Does the description disclose side effects, auth requirements, rate limits, or destructive behavior?

The description adds behavioral context beyond annotations: 'Pure local compute: read-only, non-destructive, offline, and rate-limited (60 requests/min for anonymous callers).' It also details return values (cleaned result, counts, pattern, confidence) and error conditions (empty input, invalid regex). No contradictions with annotations.

Agents need to know what a tool does to the world before calling it. Descriptions should go beyond structured annotations to explain consequences.

Conciseness5/5

Is the description appropriately sized, front-loaded, and free of redundancy?

The description is concise at 5 sentences, front-loaded with the main purpose and then providing mode details and use cases. Every sentence adds value without redundancy or fluff.

Shorter descriptions cost fewer tokens and are easier for agents to parse. Every sentence should earn its place.

Completeness5/5

Given the tool's complexity, does the description cover enough for an agent to succeed on first attempt?

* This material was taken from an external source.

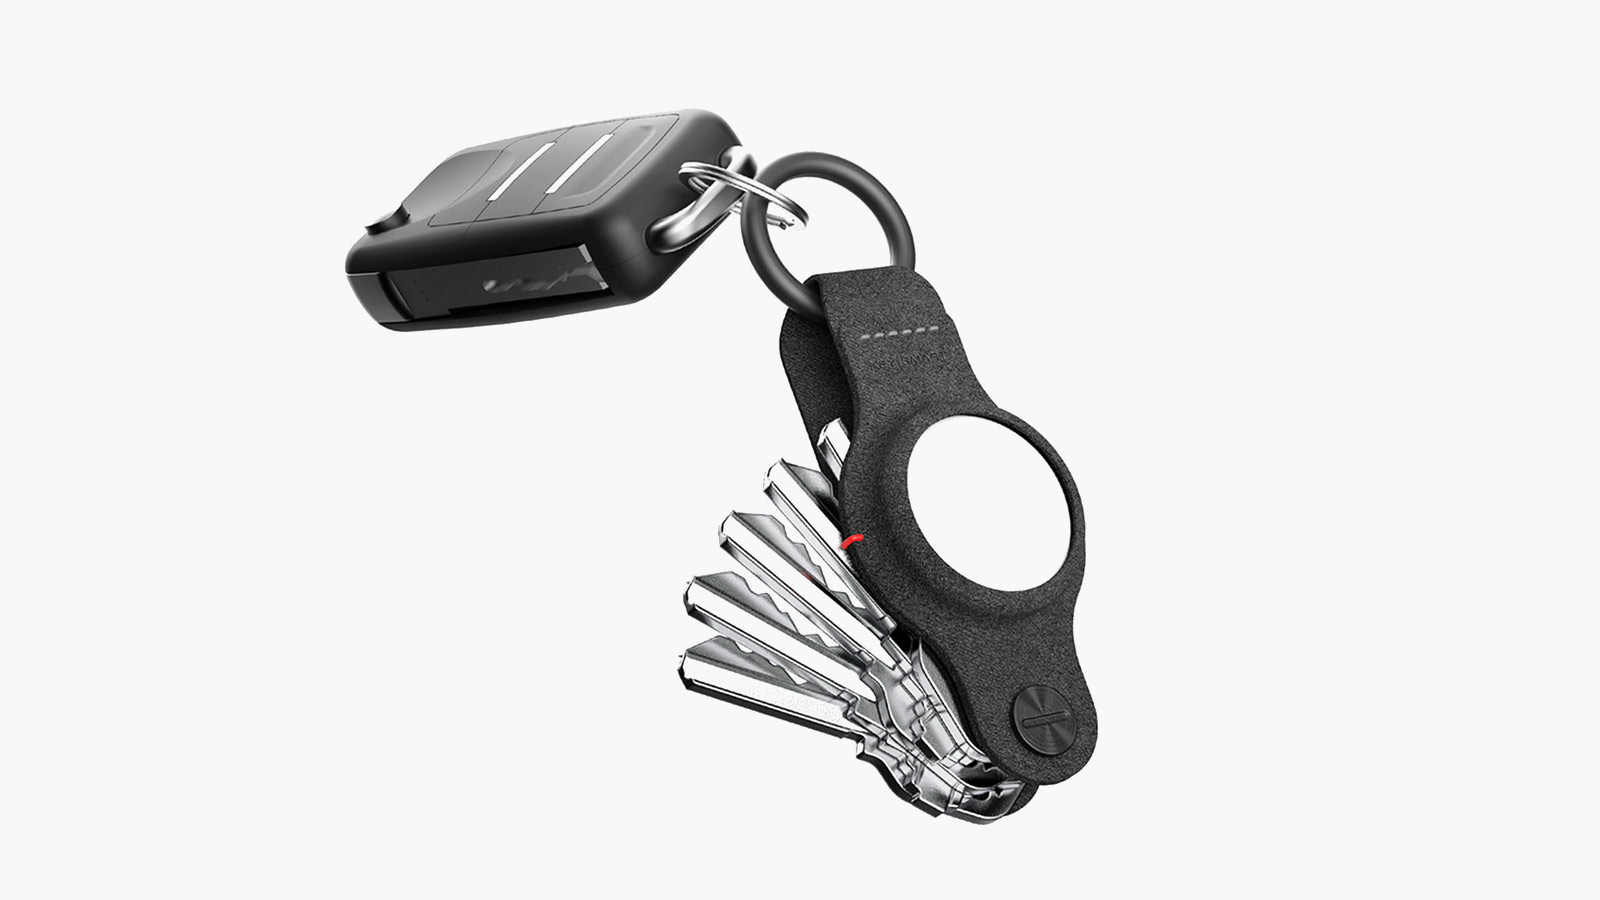 KeySmart's Leather Key Organizer Is an Elegant Accessory for Your Keys

Given the tool's complexity (three modes, regex parameter, rate limiting, return statistics) and the presence of an output schema, the description covers all necessary aspects: modes, usage scenarios, limitations (rate limit, error handling), and return values. It is fully adequate for an AI agent to understand and invoke the tool correctly.

Complex tools with many parameters or behaviors need more documentation. Simple tools need less. This dimension scales expectations accordingly.

Parameters4/5

Does the description clarify parameter syntax, constraints, interactions, or defaults beyond what the schema provides?

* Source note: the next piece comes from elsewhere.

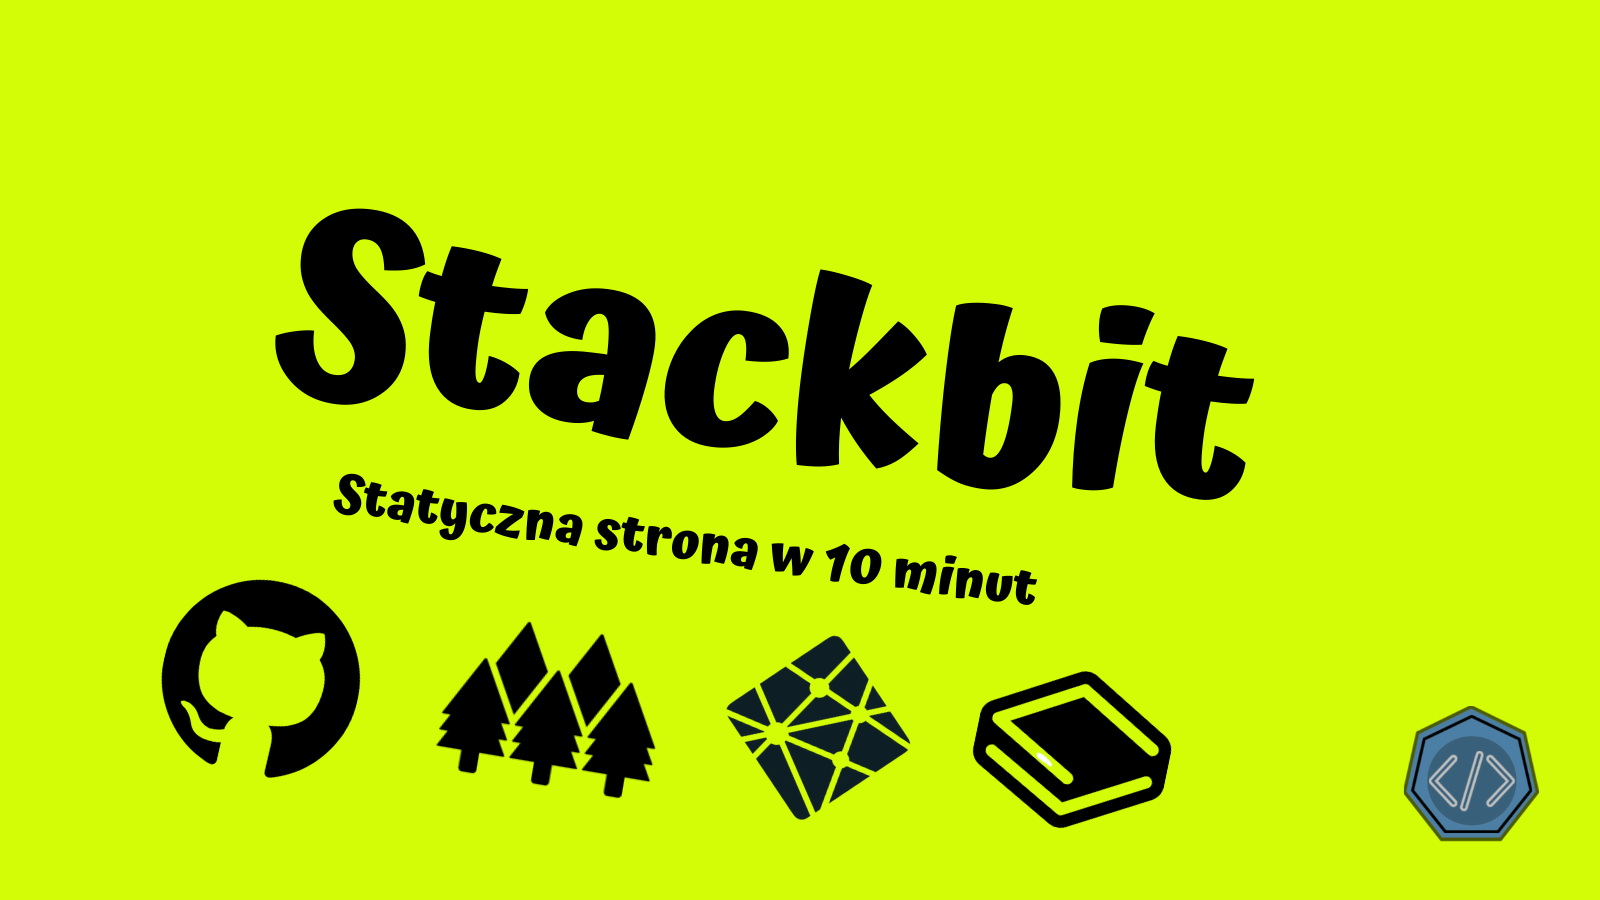 Stackbit. Tworzymy statyczną stronę www w 10 minut.

Schema coverage is 100%, so baseline is 3. The description adds significant meaning: explains auto mode samples first 10 lines, pattern mode uses customRegex, manual strips leading digits. It clarifies the reserved flag and default behaviors, enhancing understanding beyond the schema.

Input schemas describe structure but not intent. Descriptions should explain non-obvious parameter relationships and valid value ranges.

Purpose5/5

Does the description clearly state what the tool does and how it differs from similar tools?

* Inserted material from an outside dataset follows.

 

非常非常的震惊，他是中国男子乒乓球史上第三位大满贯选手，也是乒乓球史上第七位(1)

The description clearly states 'Remove Line Numbers' as the core function and specifies stripping leading line numbers and numbered prefixes. It distinguishes from sibling tool text_add_line_numbers by calling itself the inverse, providing clear differentiation.

Agents choose between tools based on descriptions. A clear purpose with a specific verb and resource helps agents select the right tool.

Usage Guidelines4/5

Does the description explain when to use this tool, when not to, or what alternatives exist?

The description provides explicit use cases: cleaning pasted code listings, logs, or numbered output. It also mentions it's the inverse of text_add_line_numbers. However, it doesn't explicitly state when not to use the tool or list alternative tools, but the guidance is clear enough for correct selection.

Agents often have multiple tools that could apply. Explicit usage guidance like "use X instead of Y when Z" prevents misuse.